### EXERCISE INPUTS
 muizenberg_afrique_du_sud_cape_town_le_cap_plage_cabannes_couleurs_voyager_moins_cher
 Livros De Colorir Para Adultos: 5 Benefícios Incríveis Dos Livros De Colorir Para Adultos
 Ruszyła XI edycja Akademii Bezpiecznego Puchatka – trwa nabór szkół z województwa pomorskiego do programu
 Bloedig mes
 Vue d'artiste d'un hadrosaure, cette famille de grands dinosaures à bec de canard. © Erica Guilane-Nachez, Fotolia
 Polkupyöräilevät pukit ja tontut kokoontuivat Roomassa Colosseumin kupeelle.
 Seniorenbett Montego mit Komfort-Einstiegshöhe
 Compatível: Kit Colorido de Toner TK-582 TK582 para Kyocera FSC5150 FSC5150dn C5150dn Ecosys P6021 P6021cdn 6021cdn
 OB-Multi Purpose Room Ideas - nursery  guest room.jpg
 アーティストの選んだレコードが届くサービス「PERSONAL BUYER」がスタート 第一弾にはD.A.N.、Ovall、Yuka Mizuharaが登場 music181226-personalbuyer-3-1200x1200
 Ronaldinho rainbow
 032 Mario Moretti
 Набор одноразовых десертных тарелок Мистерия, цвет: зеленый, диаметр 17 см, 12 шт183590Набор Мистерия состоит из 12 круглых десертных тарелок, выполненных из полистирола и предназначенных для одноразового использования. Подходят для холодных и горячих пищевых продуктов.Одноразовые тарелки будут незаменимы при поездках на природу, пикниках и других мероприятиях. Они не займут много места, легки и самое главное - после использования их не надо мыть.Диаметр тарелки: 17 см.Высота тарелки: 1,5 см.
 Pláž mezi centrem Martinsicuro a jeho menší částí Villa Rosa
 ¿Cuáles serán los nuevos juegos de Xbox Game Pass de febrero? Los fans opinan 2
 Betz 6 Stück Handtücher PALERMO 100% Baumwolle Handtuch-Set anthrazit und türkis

### EXERCISE REQUIREMENTS
Nothing but the lines from the one containing "Pláž mezi centrem" through the end of the material should appear; please return them exactly.

### COMPLETED EXERCISE
 Pláž mezi centrem Martinsicuro a jeho menší částí Villa Rosa
 ¿Cuáles serán los nuevos juegos de Xbox Game Pass de febrero? Los fans opinan 2
 Betz 6 Stück Handtücher PALERMO 100% Baumwolle Handtuch-Set anthrazit und türkis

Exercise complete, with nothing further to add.